This is, in the words of George W. Bush, "evil in plain sight." About this there can be no equivocation. The president's speech in London last week was one of his best. It was salutary to hear him say that we did not charge hundreds of miles into the heart of Iraq and pay a bitter cost in casualties and liberate 25 million people only to retreat before a band of thugs and assassins.

Does he mean it? Of course. The conviction of the president is not in doubt. There is, however, reason to question the means he seems to have chosen to achieved his desired ends. The new tactics for Iraq's future have been widely perceived as signaling a retreat, a very dangerous perception since it can only weaken the resolve of our friends and encourage those who support the terrorists.

The first perceived retreat was Iraqification. There is a strong argument for putting more Iraqi police and militia on the streets, but there must be no panicked rush to do so. Red flags will be raised if we eliminate screening or dramatically curtail training. A new Iraqi police force must be capable of dealing with those Iraqis who remain loyal to Saddam Hussein. These FRLs (Pentagon-speak for former regime loyalists) may command only 5,000 out of the Baath Party's 1.5 million members. But they have plenty of money and weapons and will not be easy to defeat. Look for them to oppose any Iraqi forces they may face, just as they're challenging U.S. authority there now.

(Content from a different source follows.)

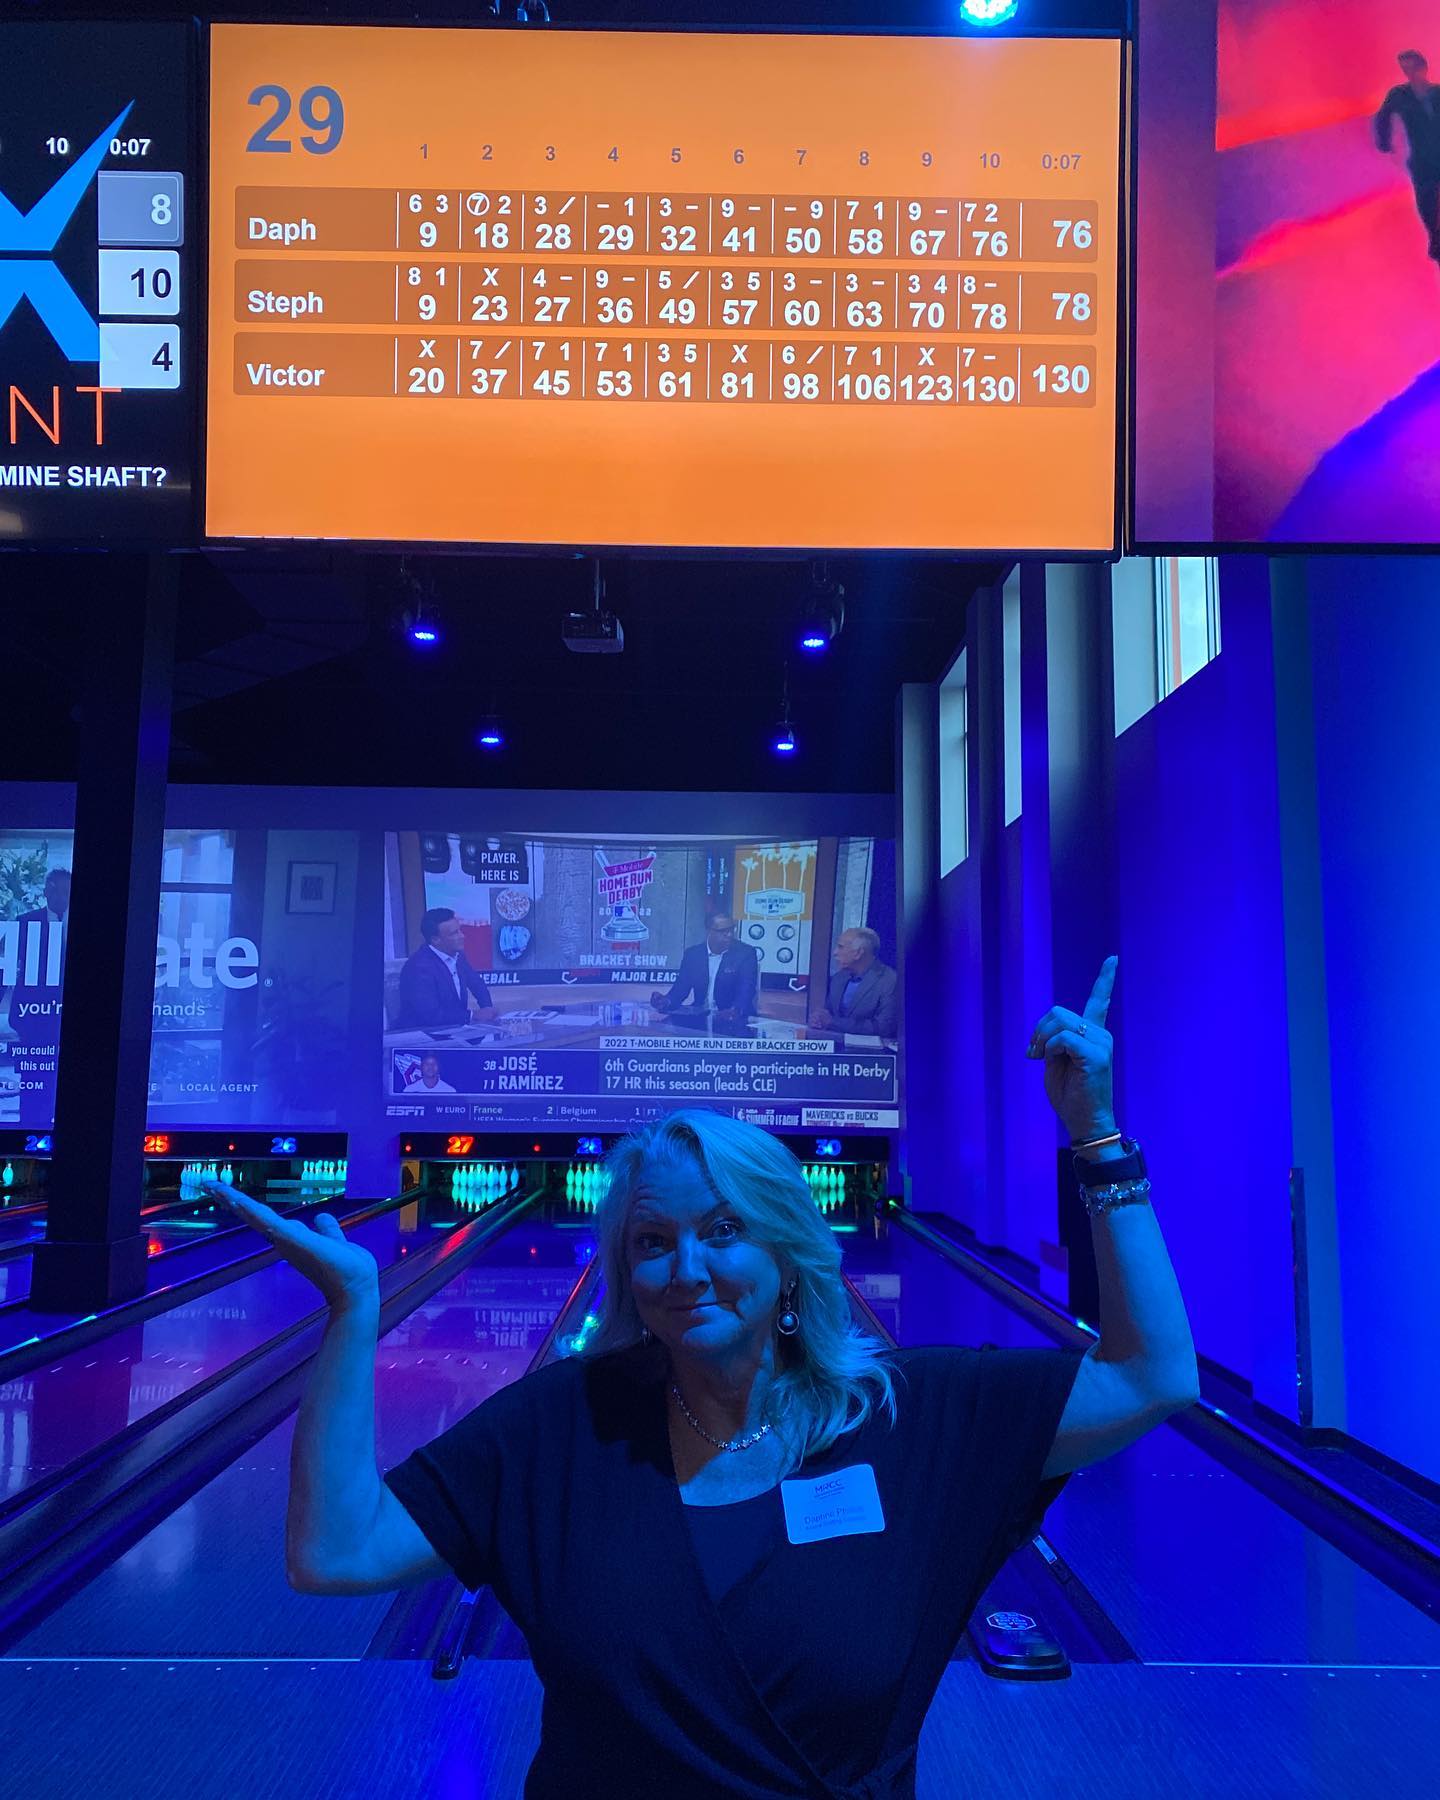 Ok, so bowling isn’t my sport…but I still had a great time at this MRCC mixer at the APEX.  @ardentstaffing @marlboroughchamber @apexentertainmentt

Election politics. The second cause for disquiet is the administration's decision to accelerate its timetable for transferring power and sovereignty to an unelected transitional administration. Not long ago, it spoke of three years of constitution writing and institution building, leading--eventually--to elections. Next, it was sovereignty in 18 months. Now, it's June 30, 2004. A process that once was to extend into 2005, well beyond next year's presidential election here, has now been advanced to precede the election. Politics or policy? Here's the latest scenario: By next February, caucuses in Iraq's 18 provinces will choose a national assembly, its members will choose an executive by June 30, and that will be the provisional government pending an election by March 15, 2005. Iraq's Governing Council, meanwhile, will draft new laws enshrining basic human rights and the separation of powers.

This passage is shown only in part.